Casi es un pleonasmo cabecear “Ruta Norte” y “Ruta Paisano”, pero a veces la sinonimia no da para más. Me referiré, es más que obvio, a uno de los trayectos que permiten el acceso y la ulterior salida (legales ambos) de nuestros conterráneos avecindados en el imperio. El tramo que me interesa comentar lo recorro al menos un par de veces al año. Es la autopista que va de Torreón a Ciudad Juárez, pasaje que da tranquilamente para armar la croniquita de los puntos que toca ese camino del mapa nacional. Haré mi periplo verbal en sentido inverso, desde Ciudad Juárez hasta Gómez Palacio, municipio en el que prometo no volver a nacer.
La salida inmediata de Juárez tiene el encanto de la sordidez. La ciudad parece, como casi todas nuestras fronteras, irremediable. El caos migratorio la ha modelado, y en sus rincones late a galope la falta de estilo propio y una mala fama muy bien justificada por el paisaje urbano. De inmediato, sin embargo, saltan la autopista de cuota y los primeros escenarios de Gabriel Figueroa a la vera del asfalto. Muy pronto estamos en Samalayuca, en el aire transparente y montañoso. Es una felicidad ver esos lienzos de la vida real, la hermosa inmensidad de nuestra maltratada patria.
Sin apuro, llegamos a la humilde Villa Ahumada, lugar donde quien se precie de buen viajero no puede prescindir de un burrito de asadero o de chile relleno. Es Ahumada, como le dicen a secas, la capital mundial del burro, la meca de ese platillo superior al sándwich en pragmatismo y no se diga en sabor.

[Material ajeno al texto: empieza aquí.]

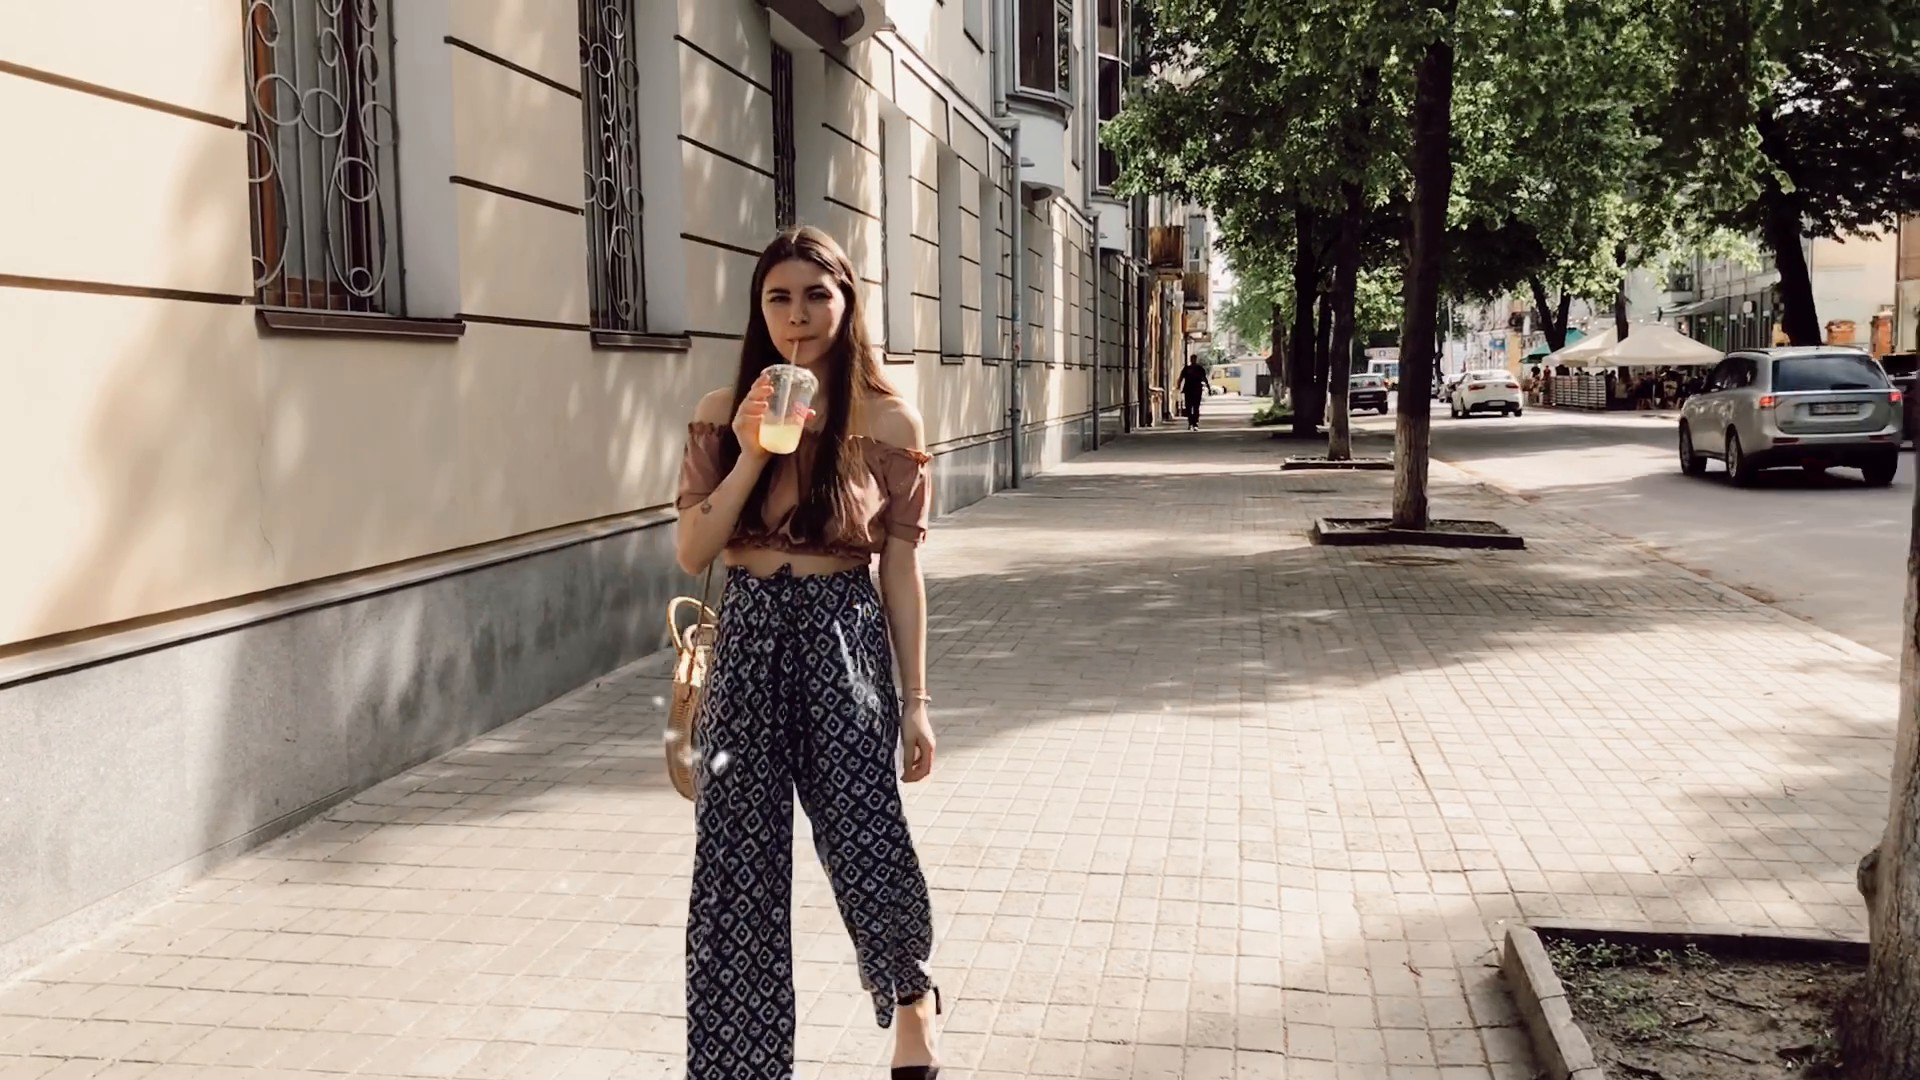 Mila Poltava 18 y.o. - intelligent lady - small public photo.

Esa parte del recorrido no tiene otros sitios notables para hacer alto. Los paisajes hasta aquí son, insisto, perfectos, y la carretera luce espléndida, casi de primer mundo. Entrar a Chihuahua es una delicia: limpieza, orden y excelente trazo de vialidades. Chihuahua es, a mi parecer, una de las ciudades con mejor obra civil de México. Sus parques, sus bulevares, sus avenidas, sus puentes, todo luce como si allí sí se gastara el dinero público en algo útil. En una palabra, no hay DVRs ni demás porquerías de similar índole.

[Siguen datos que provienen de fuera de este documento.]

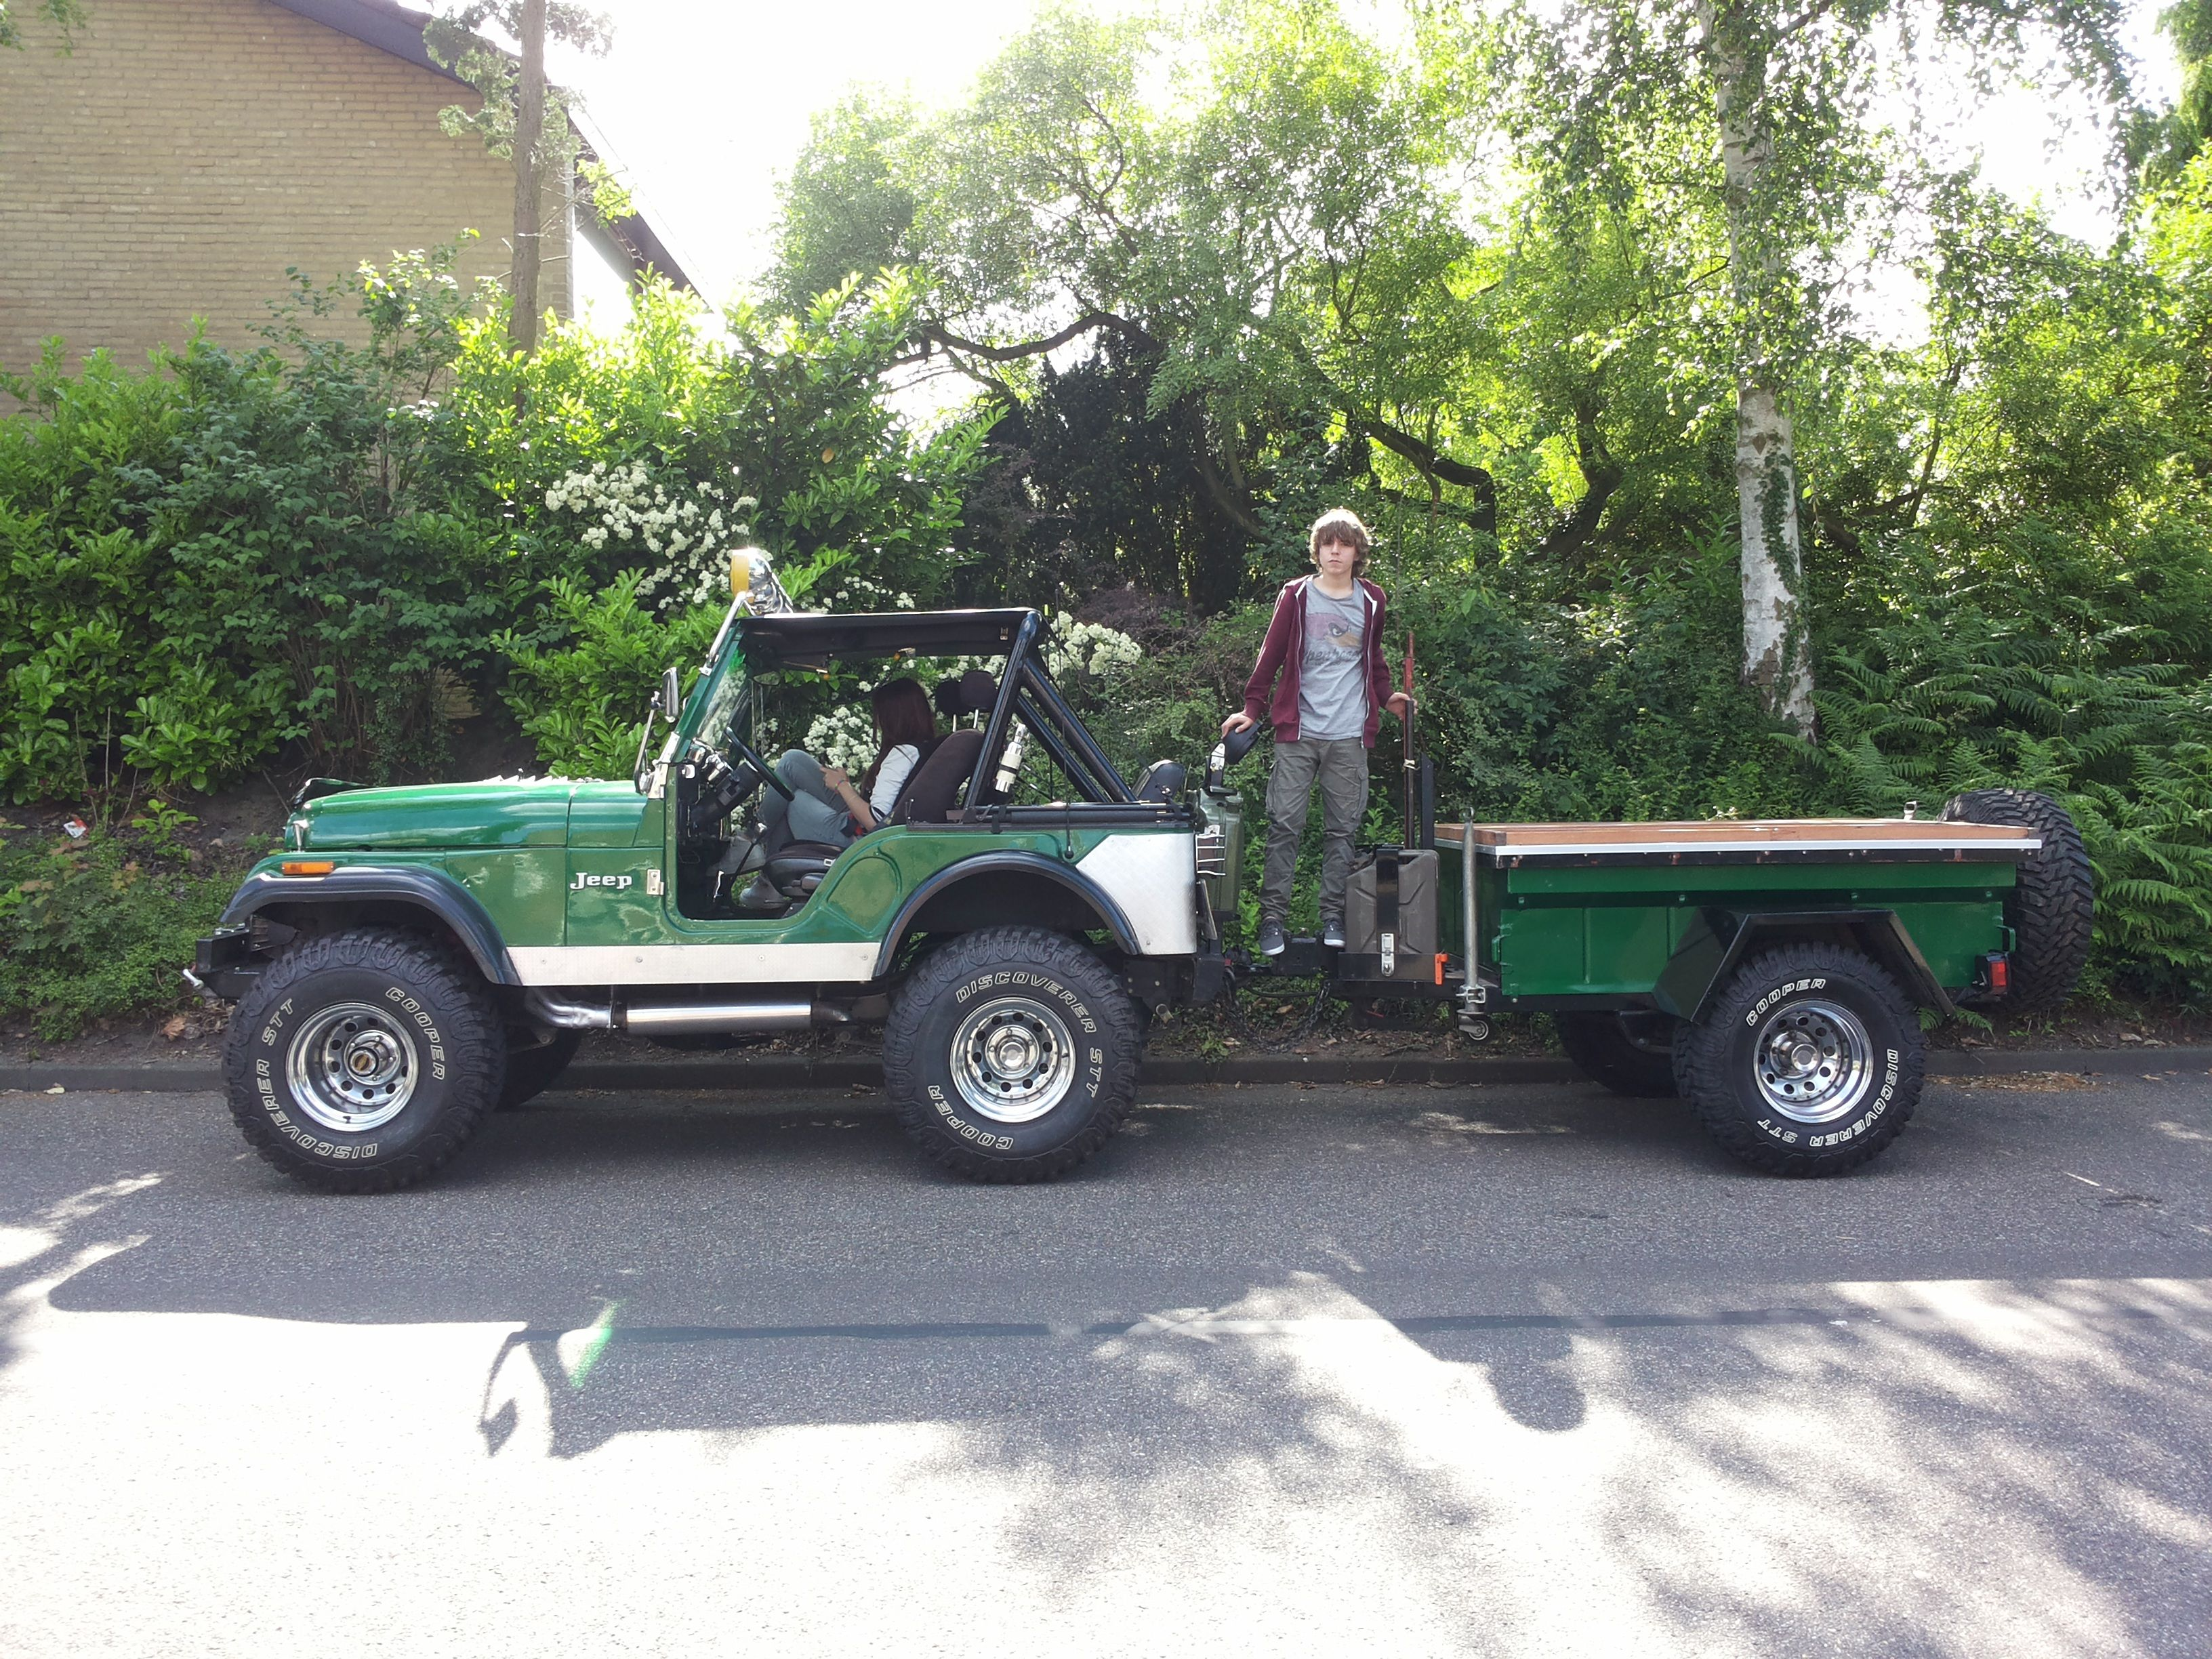 My Jeep CJ5 with my kids! | JEEP ME | Pinterest | Jeeps, Jeep truck ...

Nuevamente, salir de Chihuahua es viajar por una ricura de carretera y de paisaje. Lo que más me impresiona de esta ciudad es que sus accesos no dejan de parecer mexicanos, con sus decenas de negocitos de medio pelo, sus expendios y sus hoteles de rato, sus vulkas y sus misceláneas barriales, pero todos o casi todos con un no tan secreto afán de adecentarse mediante el aseo.
Y ya se me acaba el espacio: aprovecho lo que me queda para decir que, modestas, de las ciudades de Delicias, Camargo y Jiménez, las dos primeras parecen hijas directas de la capital, y Jiménez da en chiquito trazas de ser más juarense por lo feo y sucio del bulevar que pega con la autopista. Luego viene el tramo que conecta a Jiménez con Gómez Palacio, y es, aunque caro (190 pesos por cerca de 200 kilómetros), una alegría ver los costados del camino, la pintura natural de la geografía norteña.

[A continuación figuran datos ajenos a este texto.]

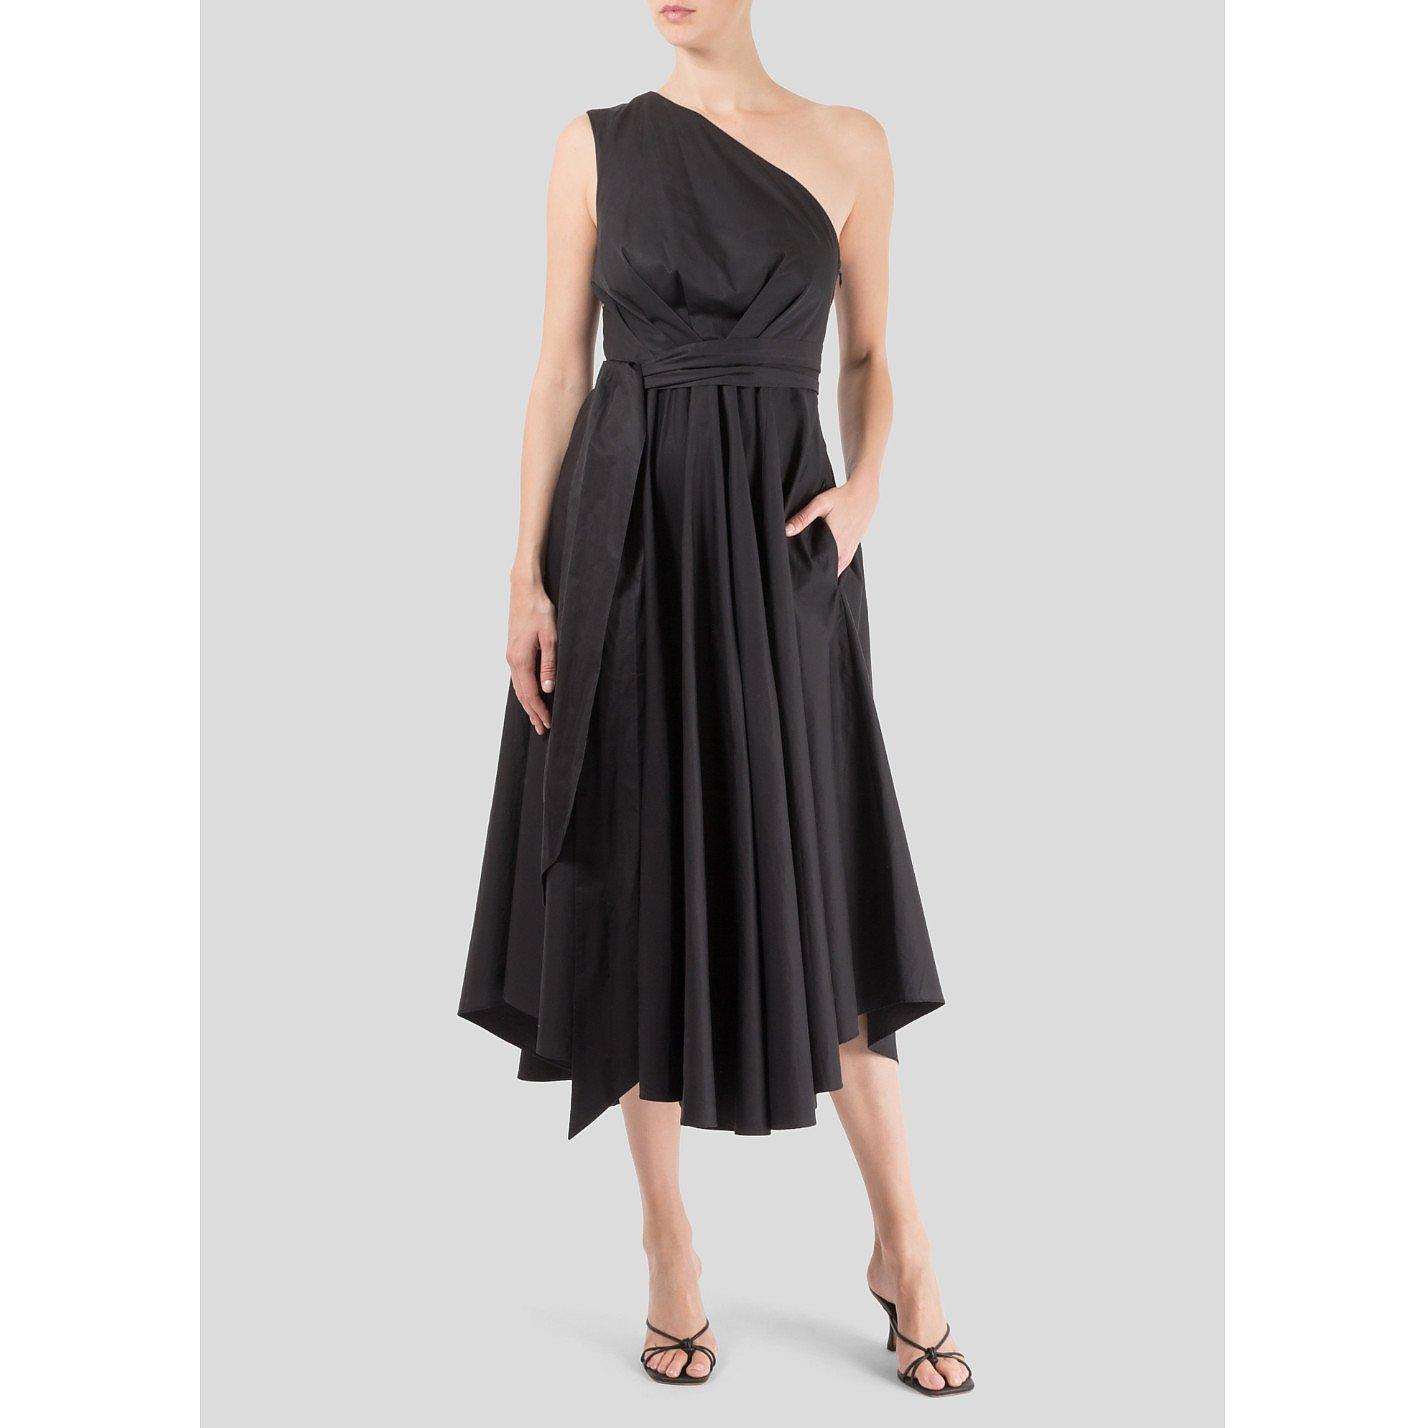 Tibi One Shoulder Midi Dress

Esa linda postal se viene a pique cuando ingresamos a la comarca lagunera. Desde el retén militar comenzamos a ver el desastre; si bien Ahumada y Jiménez no son dos lugares gratos a la vista ni seguros para el conductor, en su descargo obra el hecho de que no son ciudades ricas. Gómez y Torreón no tienen esa coartada. De nada sirve su prosperidad económica ni su densidad demográfica: el acceso por la vía que viene de Chihuahua es horripilante y peligroso, sin siquiera líneas amarillas y blancas para encarrilar a los vehículos. Me puse en el pellejo de un paisano imaginario que vuelve luego de veinte años. ¿Qué pensará cuando entra a La Laguna? Fácil: que es una mugre, la peor parte y la más riesgosa de todo ese trayecto. Da vergüenza.